We aren’t the first educators to attempt to teach in a more enriching manner. Sometime back around 2009 two Chemistry instructors, one from Brandeis and the other from the University of Michigan[2], both began employing a new teaching practice in their Organic Chemistry classes. Professors Coppola and Pontrello started giving students answer keys to weekly homework and quiz problems. The twist was that for each problem, the instructors provided two answers. In the keys generated by Coppola and Pontrello, one answer was correct and would receive full credit. The other answer was incorrect in some way. Perhaps it did not contain a complete answer, it may have relied on a false premise or misunderstanding of a key concept, but usually, it had elements of responses that students in the past had typically gotten wrong.

These answer keys were then worked into weekly recitations and small group work. The students were asked to explore each response, one potentially correct and the other less than correct. The students in these low stakes, non-graded recitations were provided the opportunity to test ideas, go back to their texts, ask questions and debate. At first, the chemistry students taking these courses were a bit frustrated at not being provided with correct answers, but after a bit, the students realized that having to analyze and discover the correct choice for themselves not only provided them with the right answer but also a deeper understanding of the material, because they knew why the answer was correct.

So, how can we do this in our courses now, with the least amount of effort and the best results? Let’s use ChatGPT. From previous teaching tips[3], we know that we can use ChatGPT to create questions and exercises for students, and we’ve explored examples of purposefully asking the AI to give us partially false answers.
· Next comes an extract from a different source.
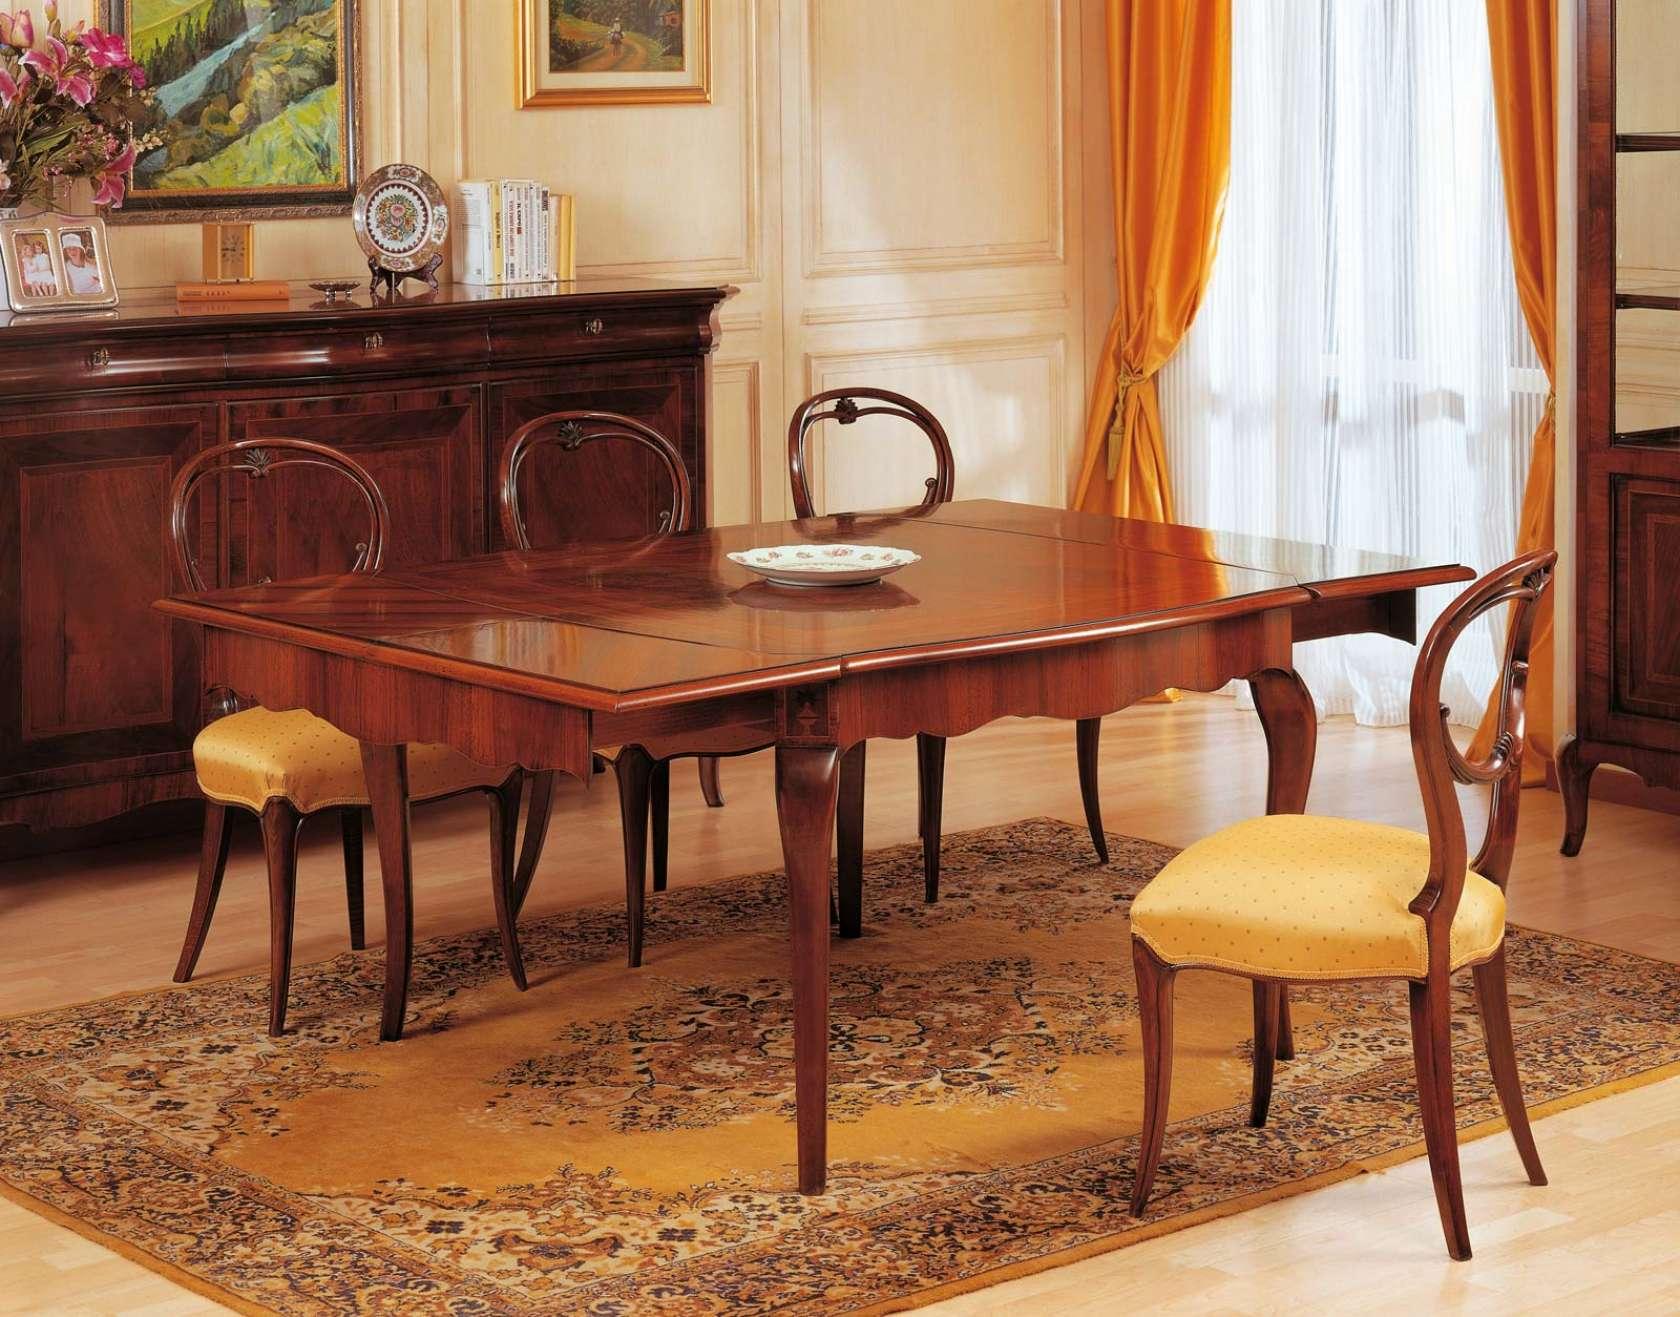 Tavolo allungabile 800 francese vimercati meda - Tavoli da pranzo classici ...

You might consider following an approach as outlined below:

  1. Generate your own questions, grab similar questions from texts or open sources and ask ChatGPT to produce variations of complexity and particulars to generate a somewhat large question pool.
  2. Aim at providing two responses, one correct, the other not. Each should provide a result in steps while “showing the work”. Start with your own correct response using material you teach and methods that you approve to develop the correct response. Ask ChatGPT to analyze your correct answer and alter it with common student misconceptions.
  3. Provide students with this combined “key” of correct and incorrect responses.
  4. Develop a module-by-module cycle in the course where you cover these questions and responses and have your students go through discovering which is the correct response. Require students to reflect on why the incorrect responses are not true. Did they leave something out? Did they start with an incomplete or false premise? What is missing?
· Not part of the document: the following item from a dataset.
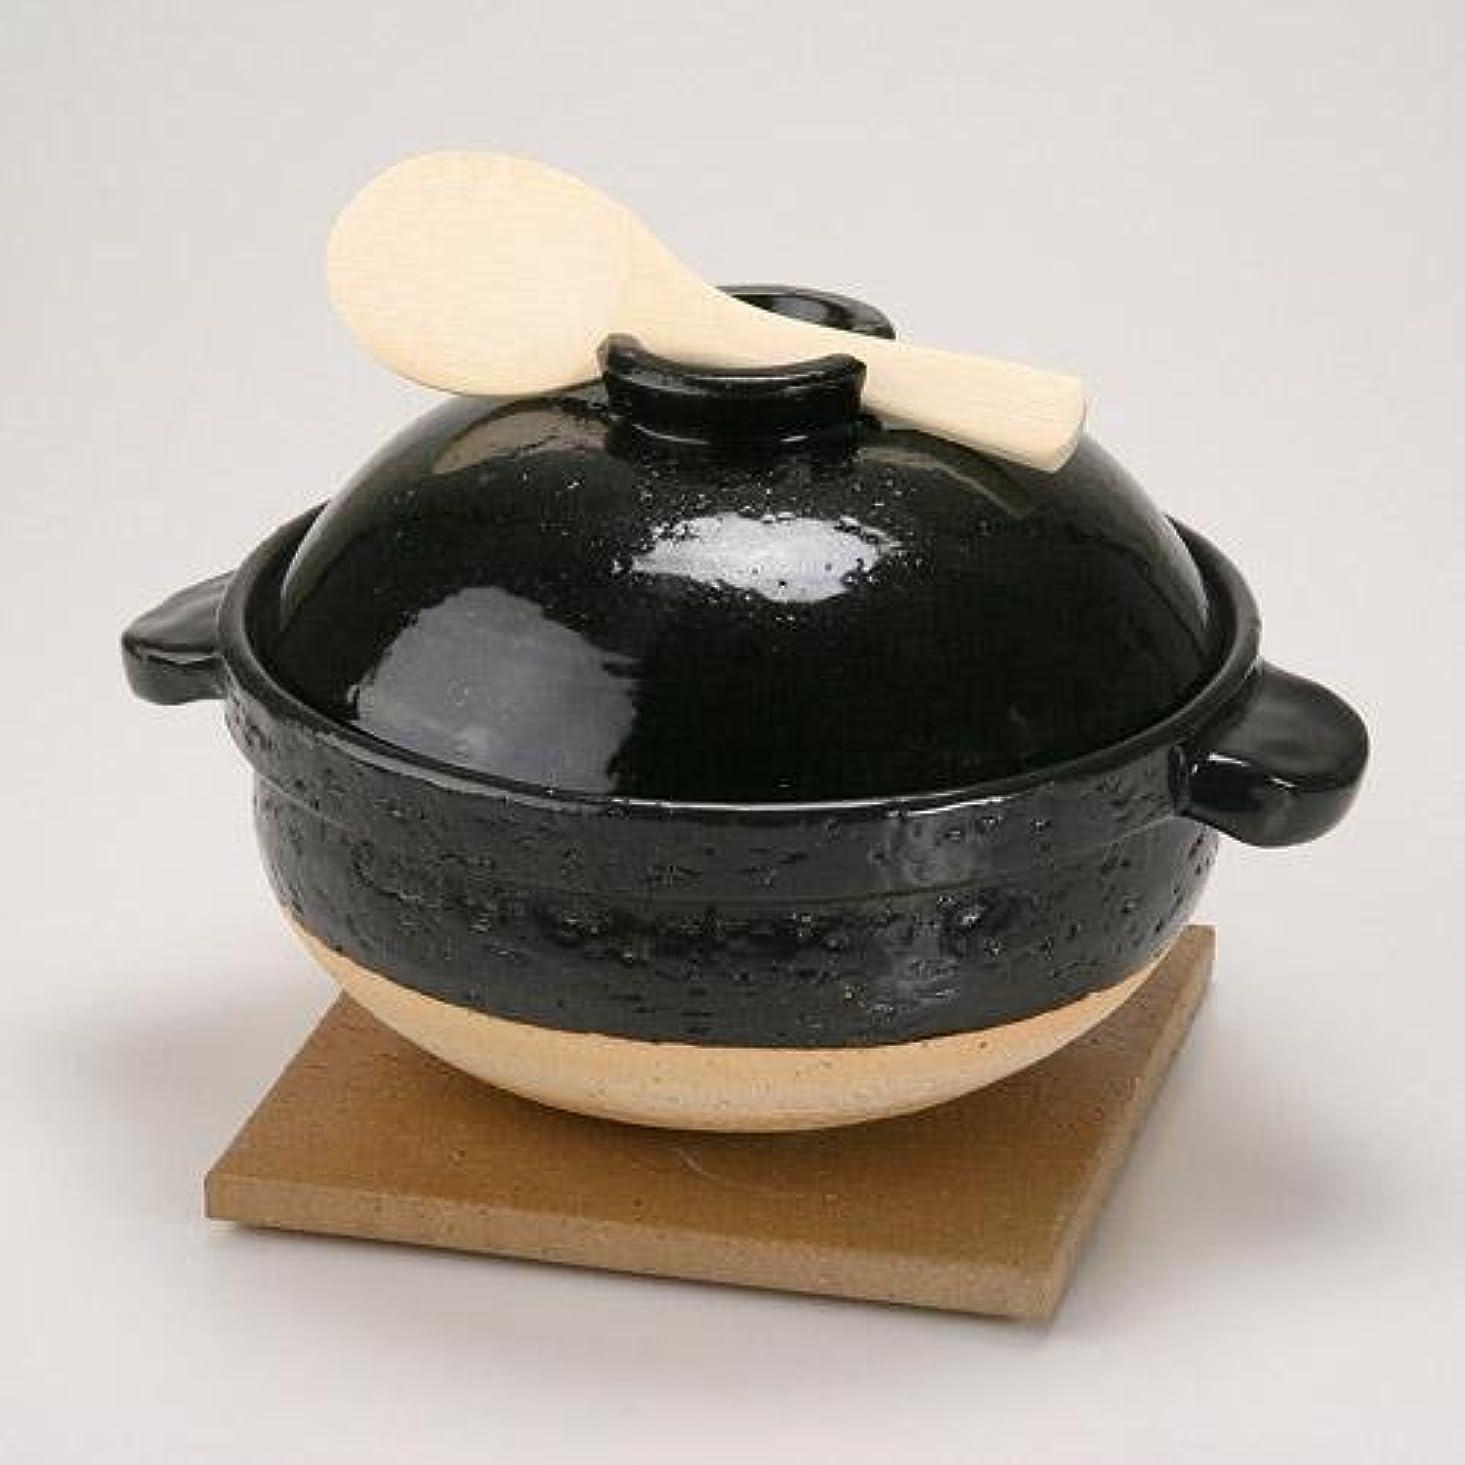 ジェム空予知日本製(伊賀焼)長谷園かまどさん2合炊き テレビで紹介されました。

One of the points that Coppola and Pontrello stress in their article was that the students performed well and best used the provided answer keys in a low stakes setting such as a weekly homework/quiz review. You will know what course of action above will work best depending on your subject matter, the maturity of your students, and what your learning objectives are, but this approach should lead you and your students into the practice of employing more critical thought into the learning process. 

A diagram of concentric circles that place educators at the center of teaching design, preparation and practice
From “Artificial Intelligence and Future of Teaching and Learning: Insights and Recommendations” thematically and graphically summarizes the list of advice to keep educators in the role of strategic decision making in education.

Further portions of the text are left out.